— Available data —
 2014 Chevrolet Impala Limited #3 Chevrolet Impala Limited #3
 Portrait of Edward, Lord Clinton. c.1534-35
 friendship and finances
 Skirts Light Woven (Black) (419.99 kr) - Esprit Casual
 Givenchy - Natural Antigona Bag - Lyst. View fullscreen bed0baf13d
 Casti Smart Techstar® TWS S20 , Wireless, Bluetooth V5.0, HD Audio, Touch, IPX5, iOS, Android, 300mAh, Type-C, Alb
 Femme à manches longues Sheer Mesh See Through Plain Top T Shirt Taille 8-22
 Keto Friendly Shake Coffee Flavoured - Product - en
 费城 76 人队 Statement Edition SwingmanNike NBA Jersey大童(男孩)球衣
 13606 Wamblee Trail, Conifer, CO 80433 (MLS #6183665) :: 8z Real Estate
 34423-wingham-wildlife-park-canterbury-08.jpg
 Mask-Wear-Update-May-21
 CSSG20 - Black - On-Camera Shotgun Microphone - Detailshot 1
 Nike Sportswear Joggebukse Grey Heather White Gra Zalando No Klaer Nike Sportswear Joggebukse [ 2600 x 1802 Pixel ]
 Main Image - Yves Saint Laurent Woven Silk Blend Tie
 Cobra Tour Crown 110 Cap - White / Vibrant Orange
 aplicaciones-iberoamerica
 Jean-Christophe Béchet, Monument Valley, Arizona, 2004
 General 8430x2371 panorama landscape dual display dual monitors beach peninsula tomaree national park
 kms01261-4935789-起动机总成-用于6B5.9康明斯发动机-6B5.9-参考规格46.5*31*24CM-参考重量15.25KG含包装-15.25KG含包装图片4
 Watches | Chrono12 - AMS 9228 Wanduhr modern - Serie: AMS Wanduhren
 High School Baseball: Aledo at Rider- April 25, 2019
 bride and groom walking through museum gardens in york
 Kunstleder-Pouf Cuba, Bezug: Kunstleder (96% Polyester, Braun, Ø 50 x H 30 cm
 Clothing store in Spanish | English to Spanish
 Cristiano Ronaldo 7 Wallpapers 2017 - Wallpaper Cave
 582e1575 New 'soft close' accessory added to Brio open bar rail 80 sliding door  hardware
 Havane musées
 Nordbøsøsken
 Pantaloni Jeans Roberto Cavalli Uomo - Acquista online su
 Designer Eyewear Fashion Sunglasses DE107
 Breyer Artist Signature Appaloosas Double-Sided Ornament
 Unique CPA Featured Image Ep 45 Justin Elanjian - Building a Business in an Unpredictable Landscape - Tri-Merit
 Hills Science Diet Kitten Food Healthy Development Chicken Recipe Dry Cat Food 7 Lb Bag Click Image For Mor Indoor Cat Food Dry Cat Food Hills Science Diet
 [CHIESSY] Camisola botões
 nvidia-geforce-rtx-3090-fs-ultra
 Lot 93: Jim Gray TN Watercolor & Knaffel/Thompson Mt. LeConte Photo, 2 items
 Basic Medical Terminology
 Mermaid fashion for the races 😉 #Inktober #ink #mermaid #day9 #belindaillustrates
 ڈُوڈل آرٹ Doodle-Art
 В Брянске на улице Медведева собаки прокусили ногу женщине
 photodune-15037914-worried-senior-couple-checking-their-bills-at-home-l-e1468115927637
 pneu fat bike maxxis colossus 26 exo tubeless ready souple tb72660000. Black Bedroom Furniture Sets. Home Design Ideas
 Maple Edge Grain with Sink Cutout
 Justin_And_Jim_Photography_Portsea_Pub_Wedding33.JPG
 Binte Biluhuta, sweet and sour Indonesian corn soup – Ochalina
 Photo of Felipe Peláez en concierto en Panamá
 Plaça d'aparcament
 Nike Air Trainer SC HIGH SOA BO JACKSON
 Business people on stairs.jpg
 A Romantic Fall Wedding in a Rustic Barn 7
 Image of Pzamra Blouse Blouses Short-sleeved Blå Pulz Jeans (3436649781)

— Task statement —
A verbatim transcription is needed of the lines above, starting at the line with "Mask-Wear-Update-May-21" and ending at the line with "Main Image - Yves", both included, and of nothing else.

— Solution to the problem —
 Mask-Wear-Update-May-21
 CSSG20 - Black - On-Camera Shotgun Microphone - Detailshot 1
 Nike Sportswear Joggebukse Grey Heather White Gra Zalando No Klaer Nike Sportswear Joggebukse [ 2600 x 1802 Pixel ]
 Main Image - Yves Saint Laurent Woven Silk Blend Tie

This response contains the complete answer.